Transcribe all data verbatim. Skip the pictures.

Supplied information START

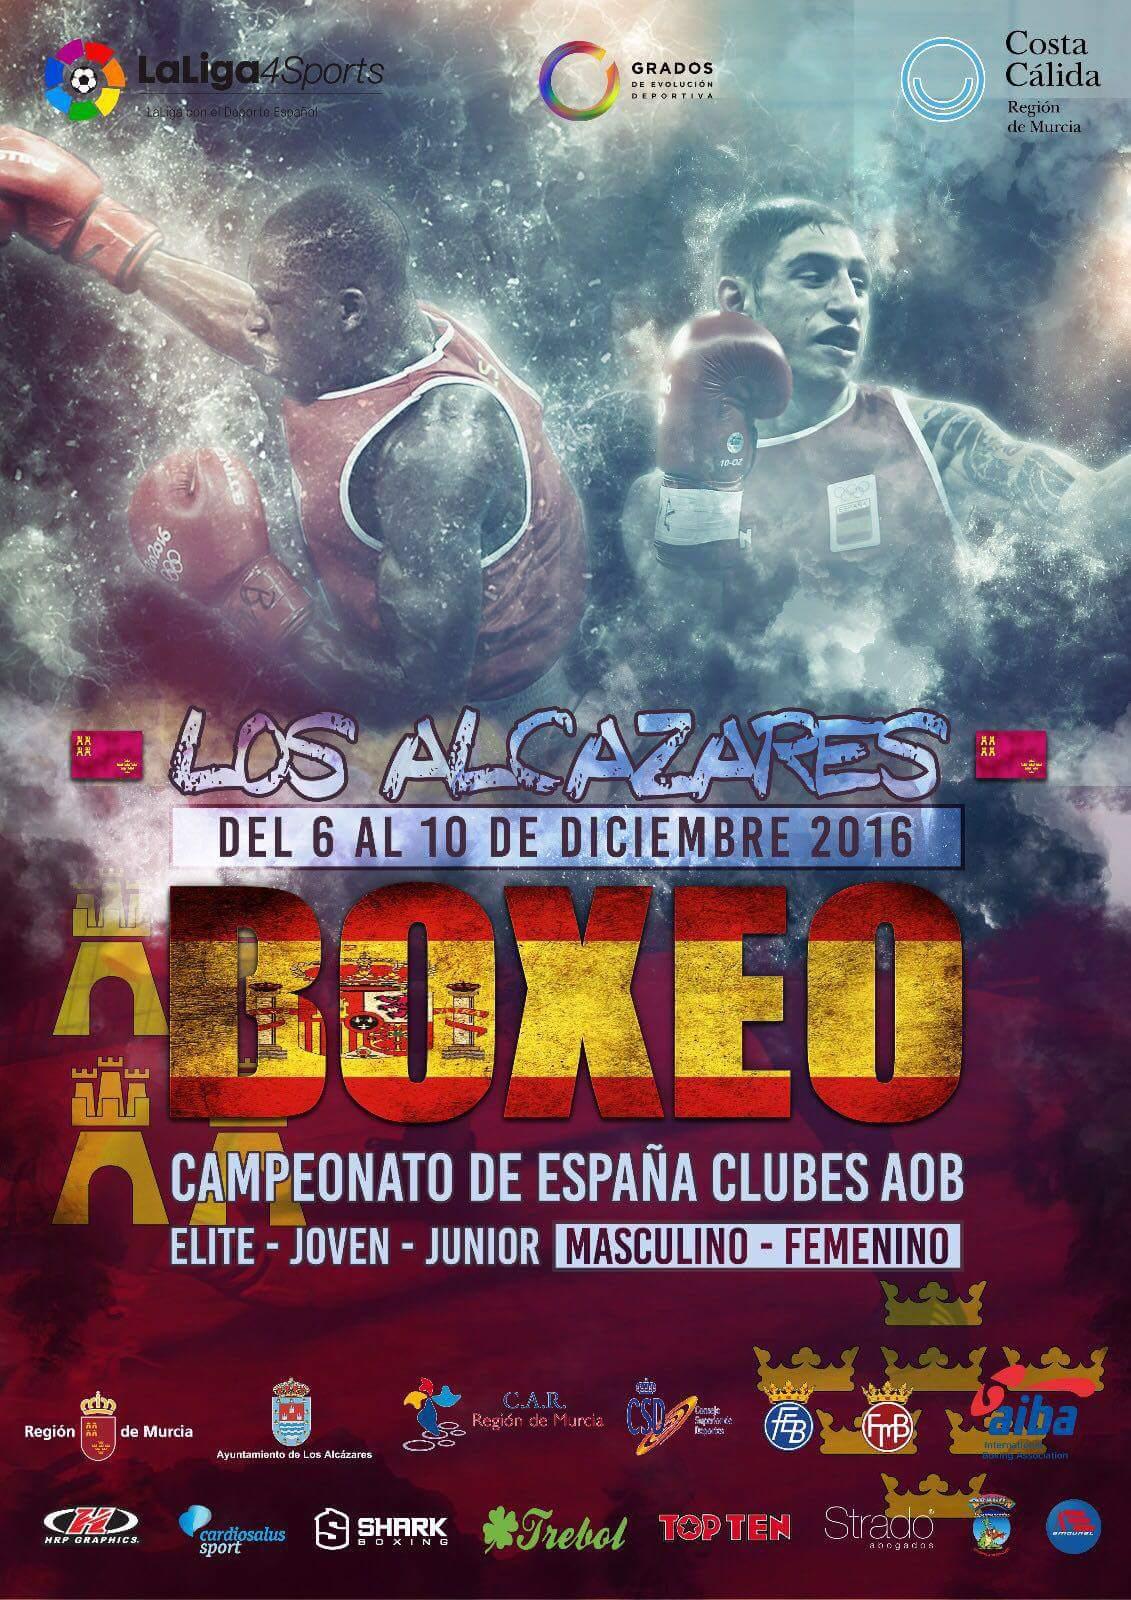 Campeonato de España Clubes AOB
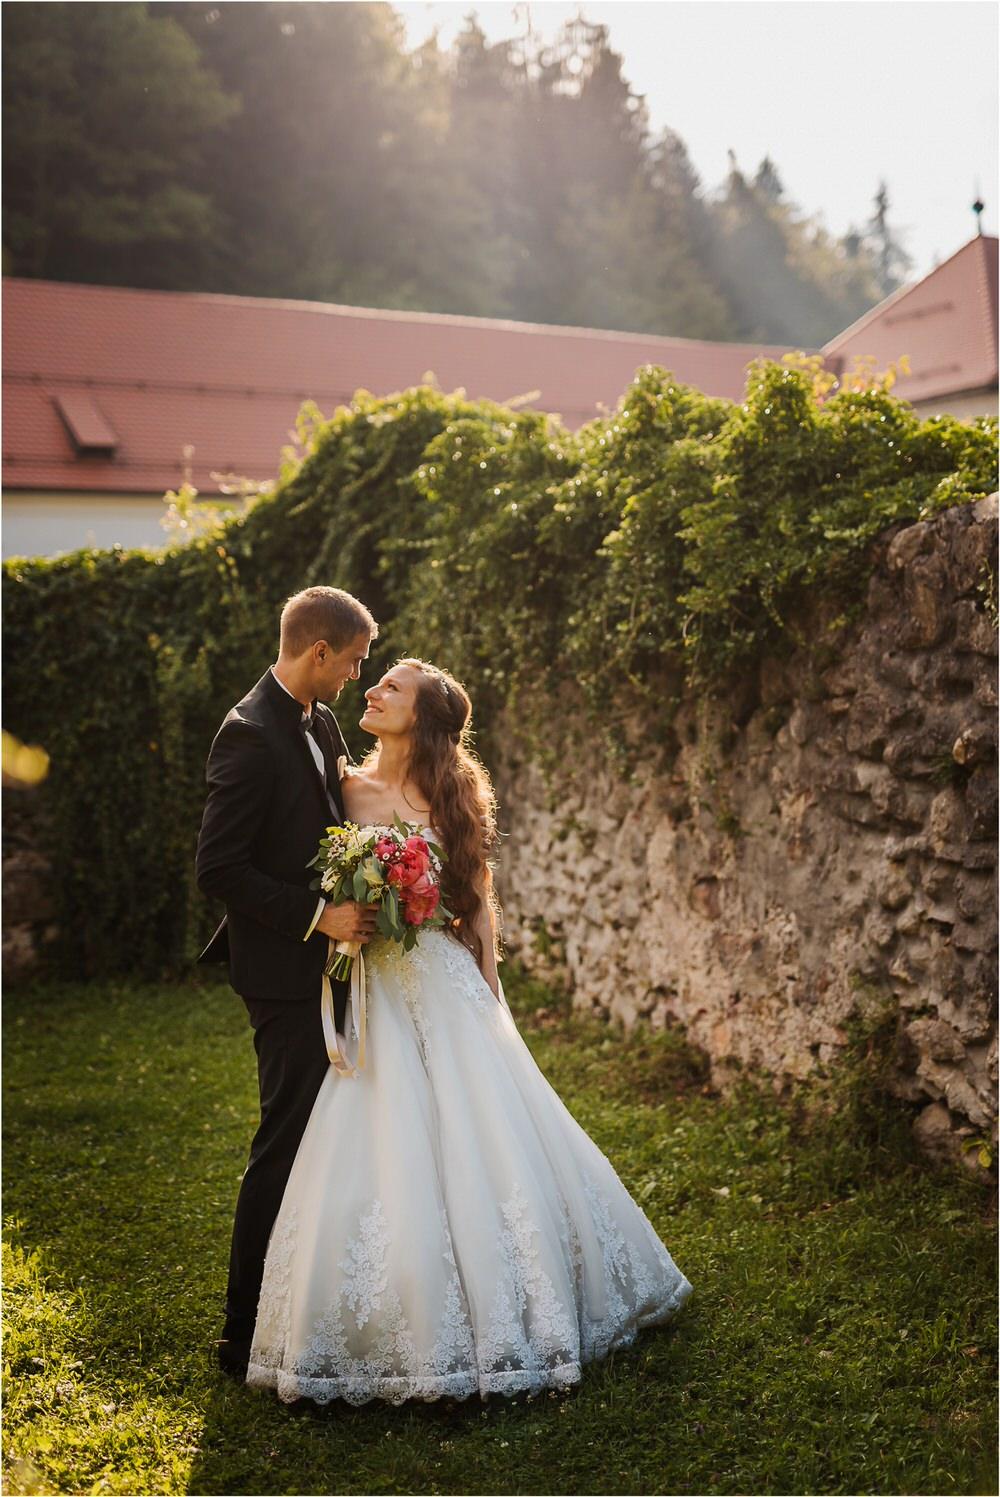 zicka kartuzija poroka porocni fotograf fotografija luka in ben loce elegantna poroka slovenski porocni fotograf  0074.jpg
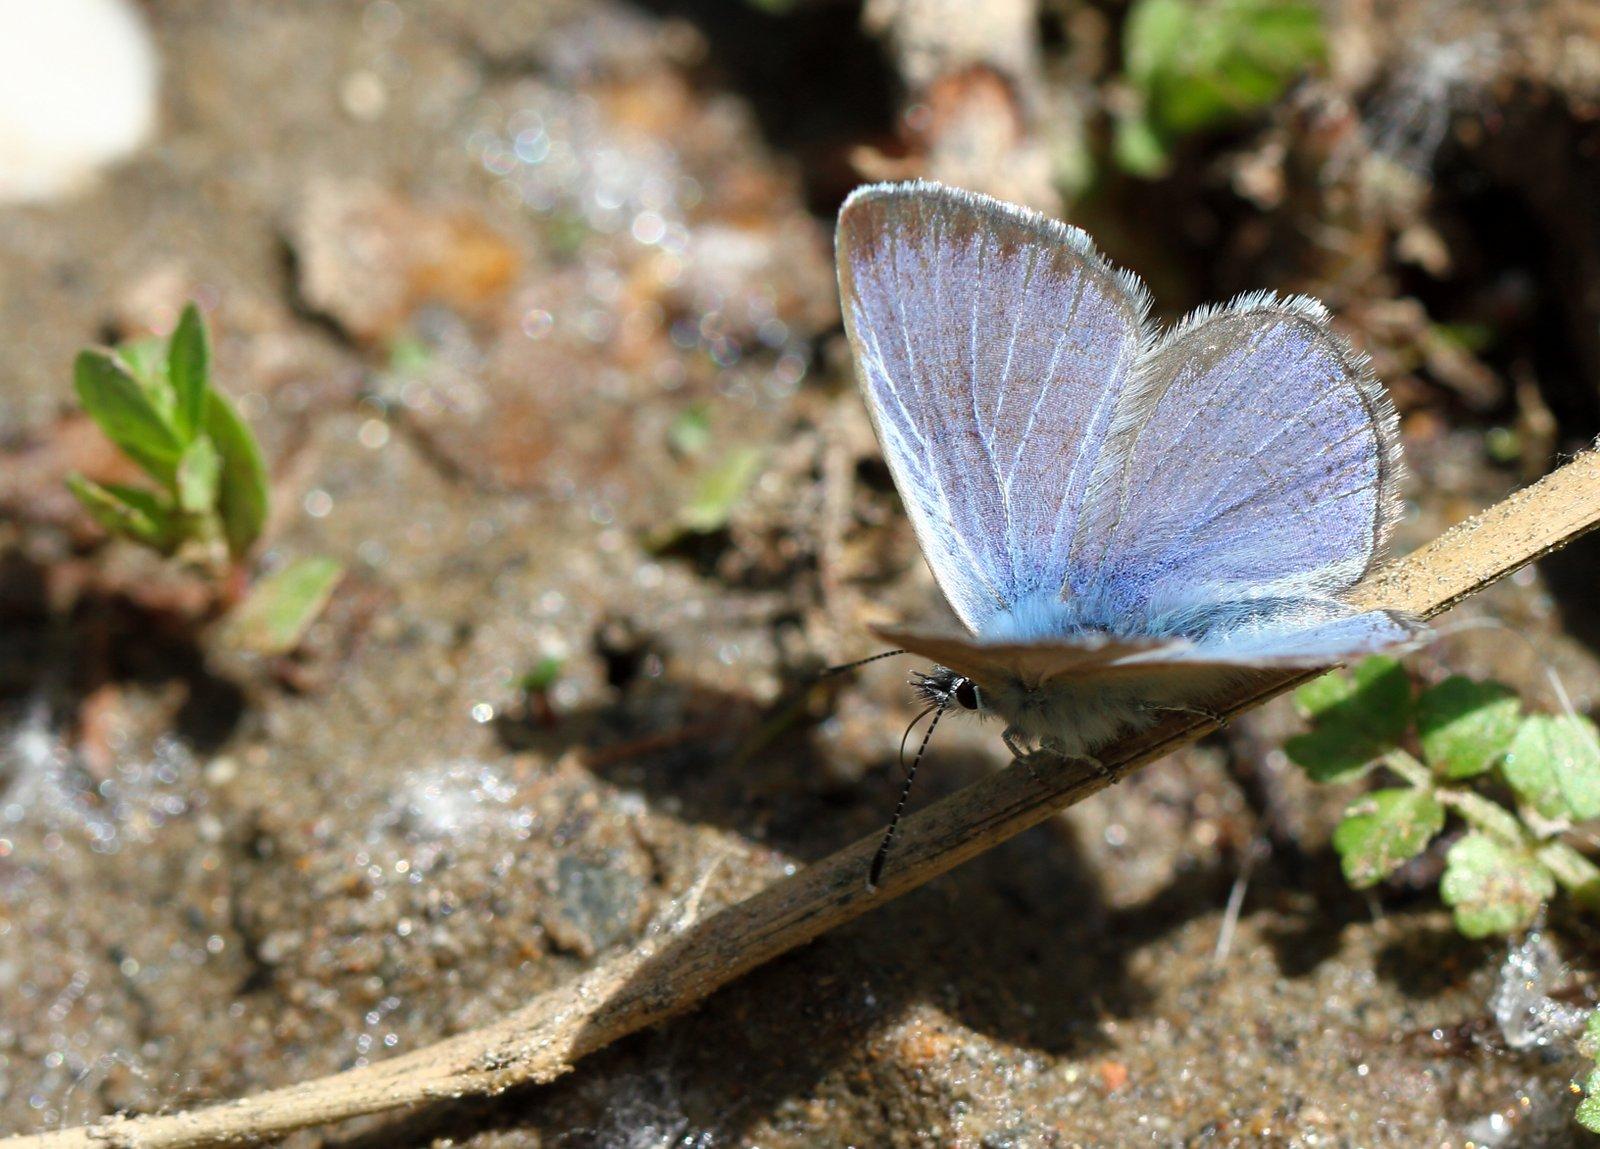 Sortøjet blåfugl, Glaucopsyche melanops
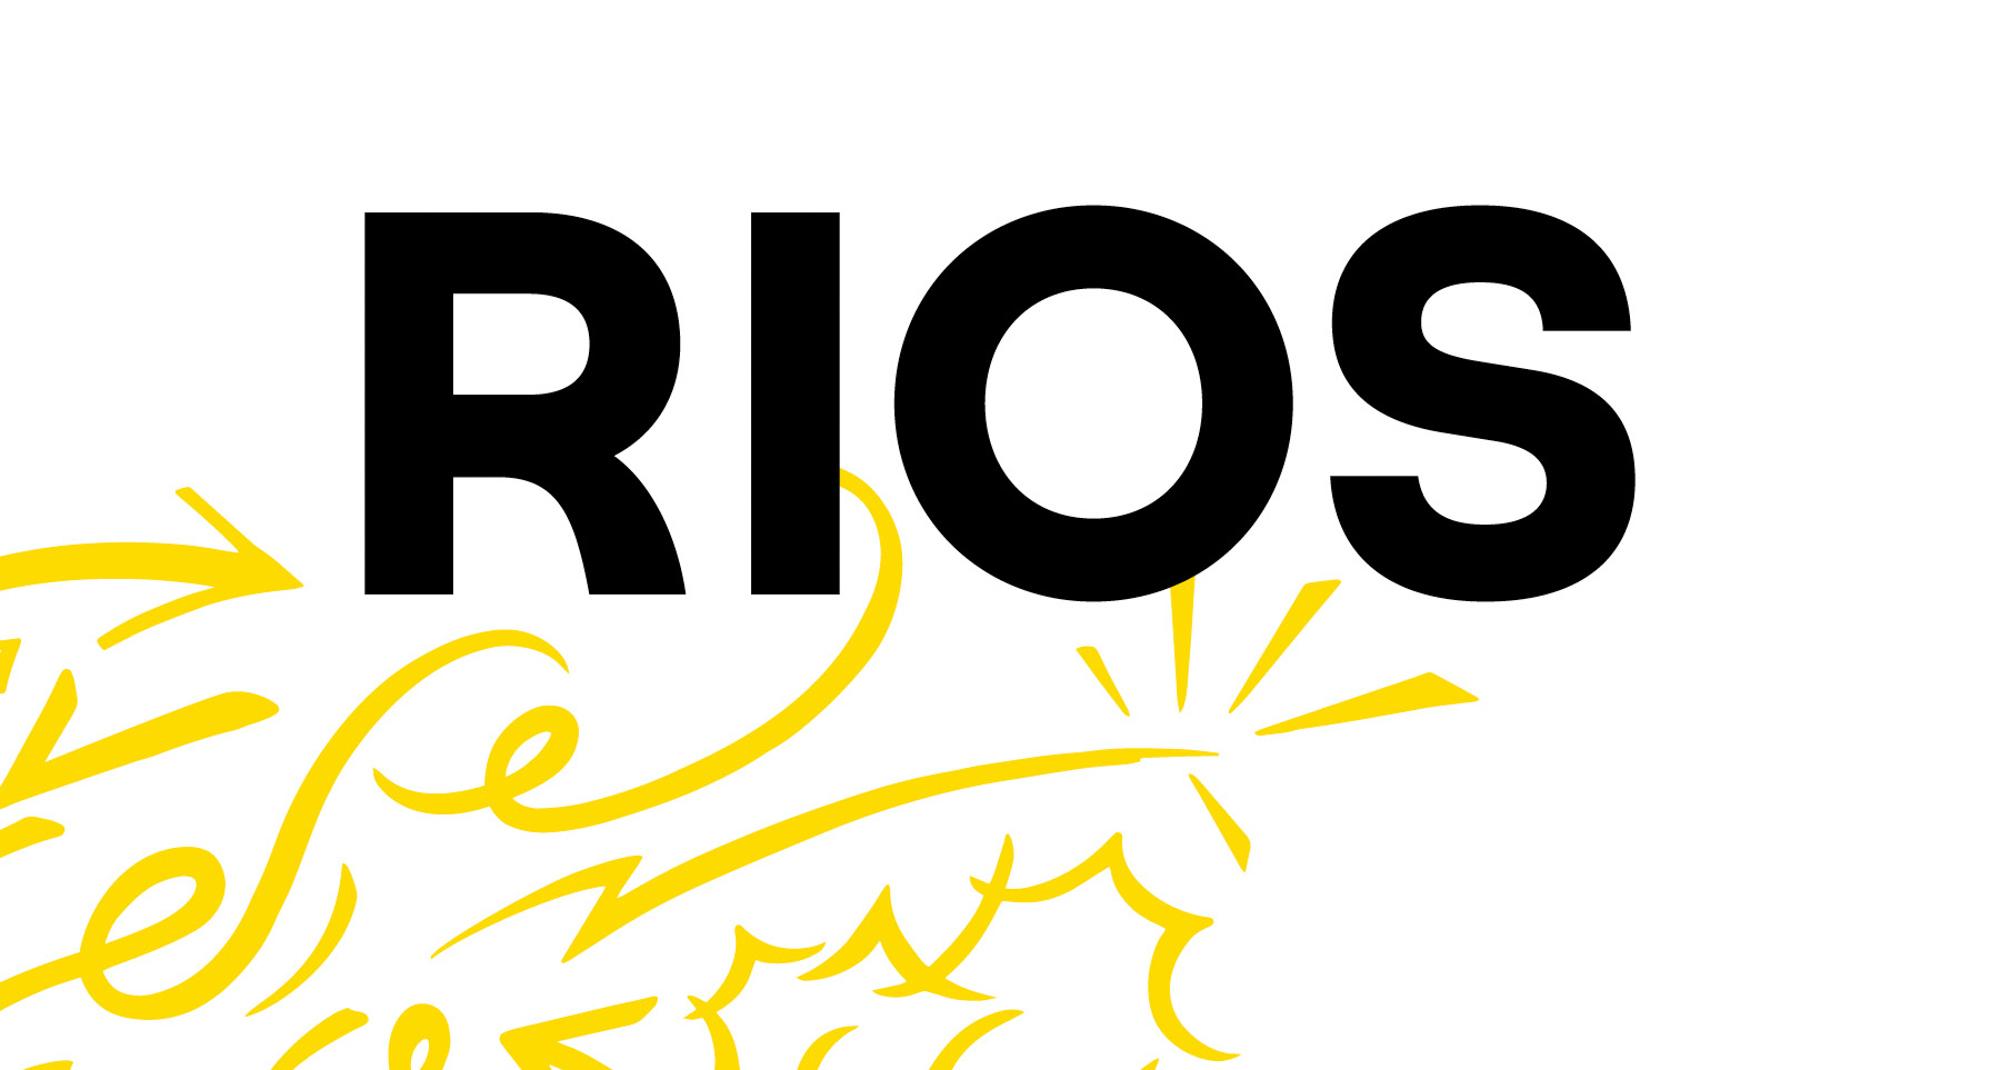 The RIOS logo

Supplied information END

▸ Answer box
 Campeonato de España Clubes AOB
 zicka kartuzija poroka porocni fotograf fotografija luka in ben loce elegantna poroka slovenski porocni fotograf  0074.jpg
 Sortøjet blåfugl, Glaucopsyche melanops
 The RIOS logo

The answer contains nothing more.